Hi all, thanks for the reply.

When I opened this issue I was using Submariner 0.12.2 and MetalLB 0.12.1.

I can confirm that upgrading Submariner to version 0.13.1 and MetalLB to version 0.13.5 solved the problem for me, I can no longer reproduce this.

nyechiel commented 2 years ago

Closing as per the last comment.

Woytek-Polnik commented 1 year ago

It does not seem to be solved by Submariner, but ignored silently by MetalLB, does not seem to be solved. Have 0.15.2 Submariner and OCP MetalLB 0.10 The latest OCP MetalLB is 0.11

vthapar commented 1 year ago

@Woytek-Polnik EndpointSlices created by Lighthouse are required to have label multicluster.kubernetes.io/service-name as per the KEP-1645. kubernetes.io/service-name is for endpointslices created by kubernetes for local services. Different labels are to distinguish between lcoal endpointslices and Exported service's EndpointSlices.

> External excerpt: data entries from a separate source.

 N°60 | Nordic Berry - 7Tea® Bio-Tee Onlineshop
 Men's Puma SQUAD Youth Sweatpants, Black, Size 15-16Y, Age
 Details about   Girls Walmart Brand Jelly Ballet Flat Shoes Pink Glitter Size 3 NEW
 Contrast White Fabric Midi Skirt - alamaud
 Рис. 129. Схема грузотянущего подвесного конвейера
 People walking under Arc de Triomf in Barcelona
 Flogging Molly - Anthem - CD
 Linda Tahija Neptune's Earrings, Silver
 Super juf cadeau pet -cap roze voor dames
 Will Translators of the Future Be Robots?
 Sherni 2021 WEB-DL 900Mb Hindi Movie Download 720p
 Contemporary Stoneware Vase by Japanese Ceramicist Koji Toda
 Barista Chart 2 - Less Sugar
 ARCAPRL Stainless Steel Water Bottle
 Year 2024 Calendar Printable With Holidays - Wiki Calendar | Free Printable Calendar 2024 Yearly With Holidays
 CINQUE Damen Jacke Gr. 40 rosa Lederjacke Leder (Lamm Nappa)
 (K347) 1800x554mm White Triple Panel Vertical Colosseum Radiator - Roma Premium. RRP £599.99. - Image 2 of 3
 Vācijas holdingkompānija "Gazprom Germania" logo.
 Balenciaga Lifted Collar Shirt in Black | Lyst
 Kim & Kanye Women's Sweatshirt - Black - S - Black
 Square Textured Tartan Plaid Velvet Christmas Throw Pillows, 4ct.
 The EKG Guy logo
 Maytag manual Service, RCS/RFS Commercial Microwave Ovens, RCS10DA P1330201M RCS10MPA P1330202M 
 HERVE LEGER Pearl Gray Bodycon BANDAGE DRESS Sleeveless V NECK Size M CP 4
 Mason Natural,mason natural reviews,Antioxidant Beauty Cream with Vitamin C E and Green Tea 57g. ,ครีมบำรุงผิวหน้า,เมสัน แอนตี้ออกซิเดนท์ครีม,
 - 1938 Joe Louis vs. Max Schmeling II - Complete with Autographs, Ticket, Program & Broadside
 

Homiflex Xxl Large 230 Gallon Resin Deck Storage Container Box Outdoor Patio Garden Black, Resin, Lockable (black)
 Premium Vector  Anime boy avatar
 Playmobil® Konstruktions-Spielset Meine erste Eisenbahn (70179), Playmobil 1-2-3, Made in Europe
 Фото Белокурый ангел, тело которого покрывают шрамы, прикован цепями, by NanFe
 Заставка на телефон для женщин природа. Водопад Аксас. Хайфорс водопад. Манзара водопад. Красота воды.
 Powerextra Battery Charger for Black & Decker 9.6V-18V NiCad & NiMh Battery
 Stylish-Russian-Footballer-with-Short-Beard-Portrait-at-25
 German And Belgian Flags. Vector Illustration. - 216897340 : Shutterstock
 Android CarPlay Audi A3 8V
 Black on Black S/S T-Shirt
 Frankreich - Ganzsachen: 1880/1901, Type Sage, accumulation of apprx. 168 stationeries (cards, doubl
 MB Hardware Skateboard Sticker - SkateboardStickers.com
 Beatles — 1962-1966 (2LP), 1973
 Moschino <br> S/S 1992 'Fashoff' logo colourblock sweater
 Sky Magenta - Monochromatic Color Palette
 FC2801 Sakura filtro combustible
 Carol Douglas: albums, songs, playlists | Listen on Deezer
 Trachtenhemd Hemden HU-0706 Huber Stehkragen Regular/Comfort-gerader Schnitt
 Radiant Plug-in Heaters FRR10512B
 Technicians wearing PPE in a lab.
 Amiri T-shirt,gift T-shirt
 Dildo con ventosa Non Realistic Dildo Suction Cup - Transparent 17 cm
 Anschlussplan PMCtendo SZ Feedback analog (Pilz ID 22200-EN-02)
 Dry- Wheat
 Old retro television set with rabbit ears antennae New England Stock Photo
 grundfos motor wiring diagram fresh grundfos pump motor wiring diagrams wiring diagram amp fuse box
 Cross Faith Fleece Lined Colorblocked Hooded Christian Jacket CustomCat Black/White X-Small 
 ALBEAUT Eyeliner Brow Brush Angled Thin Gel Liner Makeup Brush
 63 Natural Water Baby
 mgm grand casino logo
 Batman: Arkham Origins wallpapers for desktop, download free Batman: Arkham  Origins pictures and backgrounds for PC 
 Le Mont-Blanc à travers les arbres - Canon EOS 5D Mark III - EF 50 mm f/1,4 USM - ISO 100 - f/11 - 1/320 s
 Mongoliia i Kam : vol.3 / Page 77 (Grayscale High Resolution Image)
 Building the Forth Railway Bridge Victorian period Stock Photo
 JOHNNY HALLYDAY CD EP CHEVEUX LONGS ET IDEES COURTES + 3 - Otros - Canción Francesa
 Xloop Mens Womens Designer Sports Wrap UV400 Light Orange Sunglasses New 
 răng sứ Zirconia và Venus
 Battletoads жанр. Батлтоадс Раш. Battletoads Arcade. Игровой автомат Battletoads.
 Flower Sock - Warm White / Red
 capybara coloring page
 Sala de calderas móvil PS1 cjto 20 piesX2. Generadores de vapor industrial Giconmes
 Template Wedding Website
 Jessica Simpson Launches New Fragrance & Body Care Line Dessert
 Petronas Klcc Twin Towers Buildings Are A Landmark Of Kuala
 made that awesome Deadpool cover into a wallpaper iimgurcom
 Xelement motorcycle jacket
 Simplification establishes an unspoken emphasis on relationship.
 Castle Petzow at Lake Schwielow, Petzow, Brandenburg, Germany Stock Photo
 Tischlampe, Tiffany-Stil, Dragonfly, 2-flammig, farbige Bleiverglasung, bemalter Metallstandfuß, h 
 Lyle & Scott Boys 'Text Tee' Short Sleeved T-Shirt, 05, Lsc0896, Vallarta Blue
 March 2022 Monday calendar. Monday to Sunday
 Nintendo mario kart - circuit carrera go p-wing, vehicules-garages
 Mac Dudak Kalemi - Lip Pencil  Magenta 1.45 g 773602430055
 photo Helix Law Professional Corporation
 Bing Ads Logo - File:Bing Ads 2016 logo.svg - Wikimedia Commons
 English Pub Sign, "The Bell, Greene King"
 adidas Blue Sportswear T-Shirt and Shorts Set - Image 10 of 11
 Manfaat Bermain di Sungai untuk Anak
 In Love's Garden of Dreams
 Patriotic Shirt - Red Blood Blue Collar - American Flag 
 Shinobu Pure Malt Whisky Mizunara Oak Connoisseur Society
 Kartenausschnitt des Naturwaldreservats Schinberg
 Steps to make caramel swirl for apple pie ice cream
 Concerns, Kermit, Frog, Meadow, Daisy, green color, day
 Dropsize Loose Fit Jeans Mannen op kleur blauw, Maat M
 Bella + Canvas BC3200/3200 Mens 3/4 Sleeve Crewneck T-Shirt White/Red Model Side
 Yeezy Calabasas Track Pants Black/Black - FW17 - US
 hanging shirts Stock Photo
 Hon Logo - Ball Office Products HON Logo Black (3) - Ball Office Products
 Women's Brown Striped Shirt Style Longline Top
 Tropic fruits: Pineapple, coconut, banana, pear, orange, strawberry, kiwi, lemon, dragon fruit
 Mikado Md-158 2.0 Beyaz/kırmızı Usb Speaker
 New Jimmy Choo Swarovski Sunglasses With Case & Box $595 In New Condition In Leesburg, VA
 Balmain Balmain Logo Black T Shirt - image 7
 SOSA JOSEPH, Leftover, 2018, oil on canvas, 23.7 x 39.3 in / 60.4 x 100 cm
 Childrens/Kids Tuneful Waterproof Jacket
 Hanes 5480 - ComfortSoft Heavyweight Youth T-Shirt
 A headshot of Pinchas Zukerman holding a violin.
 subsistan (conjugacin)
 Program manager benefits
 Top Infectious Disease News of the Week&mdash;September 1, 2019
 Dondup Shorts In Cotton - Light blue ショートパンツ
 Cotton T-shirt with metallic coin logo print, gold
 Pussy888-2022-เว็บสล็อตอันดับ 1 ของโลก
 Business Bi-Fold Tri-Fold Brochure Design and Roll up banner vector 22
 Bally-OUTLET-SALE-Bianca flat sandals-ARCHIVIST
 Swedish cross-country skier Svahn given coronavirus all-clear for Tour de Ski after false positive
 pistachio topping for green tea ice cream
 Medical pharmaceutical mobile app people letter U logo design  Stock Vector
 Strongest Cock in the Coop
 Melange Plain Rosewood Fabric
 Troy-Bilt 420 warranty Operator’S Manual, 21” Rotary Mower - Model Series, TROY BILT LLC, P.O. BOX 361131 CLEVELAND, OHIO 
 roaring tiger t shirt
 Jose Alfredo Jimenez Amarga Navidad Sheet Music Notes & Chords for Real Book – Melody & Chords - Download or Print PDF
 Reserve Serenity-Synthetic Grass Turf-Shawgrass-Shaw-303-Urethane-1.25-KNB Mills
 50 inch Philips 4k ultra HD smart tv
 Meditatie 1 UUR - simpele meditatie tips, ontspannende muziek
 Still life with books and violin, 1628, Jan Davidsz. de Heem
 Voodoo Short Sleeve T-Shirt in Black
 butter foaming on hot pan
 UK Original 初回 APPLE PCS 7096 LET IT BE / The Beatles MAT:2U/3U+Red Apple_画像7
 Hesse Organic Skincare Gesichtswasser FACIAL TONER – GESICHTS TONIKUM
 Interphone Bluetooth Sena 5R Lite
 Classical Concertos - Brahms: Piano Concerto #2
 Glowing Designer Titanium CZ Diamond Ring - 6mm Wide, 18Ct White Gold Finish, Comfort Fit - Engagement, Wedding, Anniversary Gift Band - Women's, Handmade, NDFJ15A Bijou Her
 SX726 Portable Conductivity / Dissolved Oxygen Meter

This looks like a bug in MetalLB. It needs to be Multicluster aware. Assumption that all EndpointSlices must have kubernetes.io/service-name is incorrect. If MetalLB is only interested in local services and hteir EndpointSlices, it should ignore EndpointSlices with the multicluster label. If it is interested in multicluster Endpoint slices, it should honor the multicluster label and use that.

Woytek-Polnik commented 1 year ago

@vthapar Thank you for the extra context. Totally makes sense to me to just ignore them. In that case, I have to push the MetalLB operator in OCP to be ⬆️

fedepaol commented 1 year ago

I landed on this thread by chance following the comment to https://github.com/metallb/metallb/issues/1175

MetalLB is not multicluster aware, and crashing in that scenario is certainly not the solution. We can make it more robust (and it was already done, incidentally?) I am not sure what the behaviour should be because I need to read the KEP and the related CNI implications (i.e. what happens if the traffic directed to a LB lands to a node that belongs to a different cluster than the cluster the service is defined on, if the service is mirrored to all the clusters, etc) so I'd split the fix in two: avoid crashing (if we still do) and ignore those ep slices as a bug fix, and managing the multi cluster scenario as an enhancement (if it makes sense).

This is from community metallb point of view. @Woytek-Polnik, if you are eligible for support on openshift please reach RH through the proper channels.